Scrapy Not Returning Additonal Info from Scraped Link in Item via Request Callback
- by zoonosis
Basically the code below scrapes the first 5 items of a table. One of the fields is another href and clicking on that href provides more info which I want to collect and add to the original item. So parse is supposed to pass the semi populated item to parse_next_page which then scrapes the next bit and should return the completed item back to parse
Running the code below only returns the info collected in parse
If I change the return items to return request I get a completed item with all 3 "things" but I only get 1 of the rows, not all 5.
Im sure its something simple, I just can't see it.
class ThingSpider(BaseSpider):
name = "thing"
allowed_domains = ["somepage.com"]
start_urls = [
"http://www.somepage.com"
]
def parse(self, response):
hxs = HtmlXPathSelector(response)
items = []
for x in range (1,6):
item = ScrapyItem()
str_selector = '//tr[@name="row{0}"]'.format(x)
item['thing1'] = hxs.select(str_selector")]/a/text()').extract()

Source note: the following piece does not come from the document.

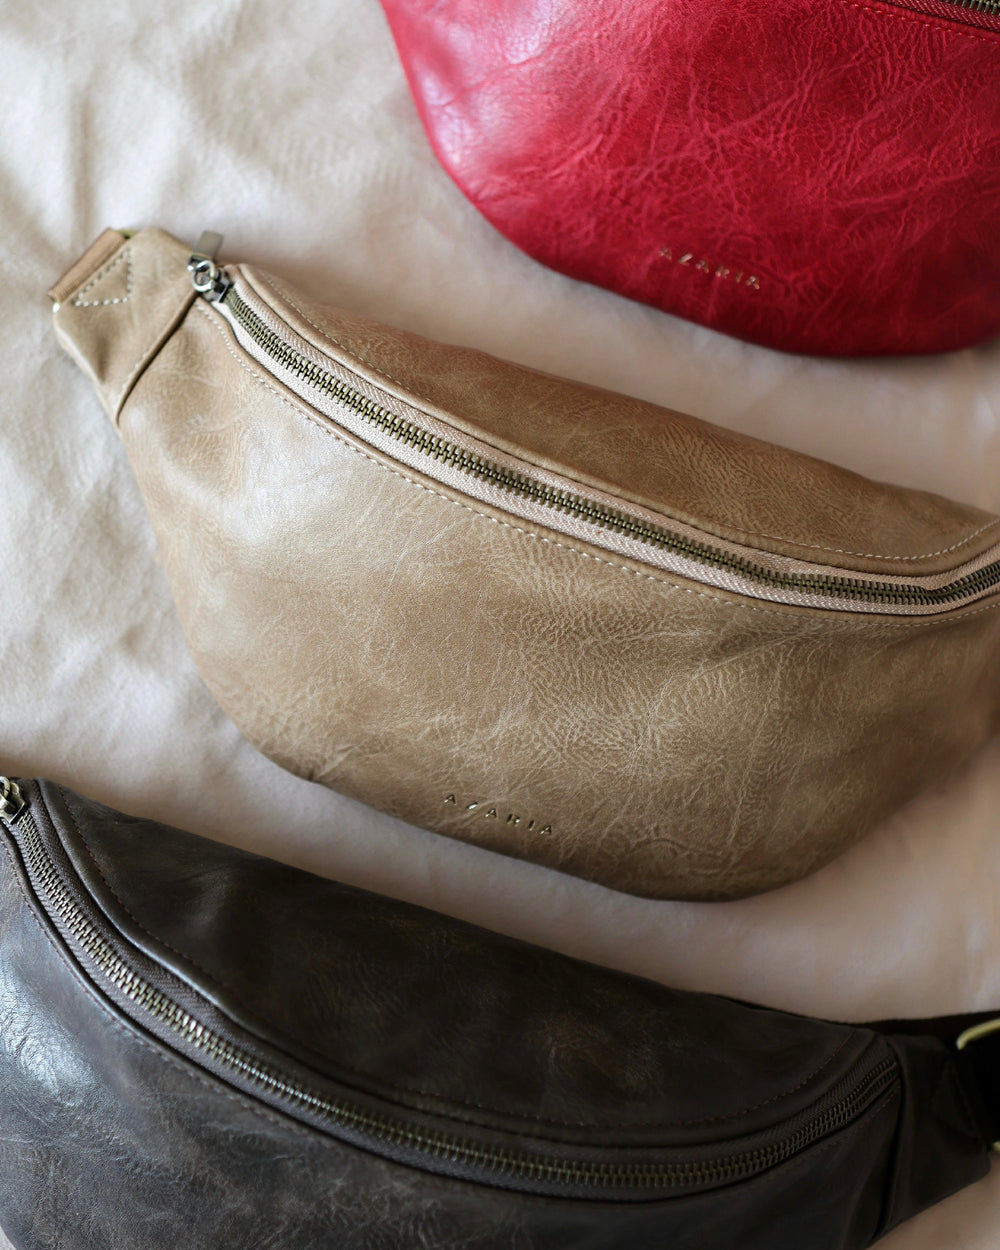 Designer Bumbags, Fanny Packs, & Belt Bags for Women, Men

item['thing2'] = hxs.select(str_selector")]/a/@href').extract()
print 'hello'
request = Request("www.nextpage.com", callback=self.parse_next_page,meta={'item':item})
print 'hello2'
request.meta['item'] = item
items.append(item)
return items
def parse_next_page(self, response):
print 'stuff'
hxs = HtmlXPathSelector(response)
item = response.meta['item']
item['thing3'] = hxs.select('//div/ul/li[1]/span[2]/text()').extract()
return item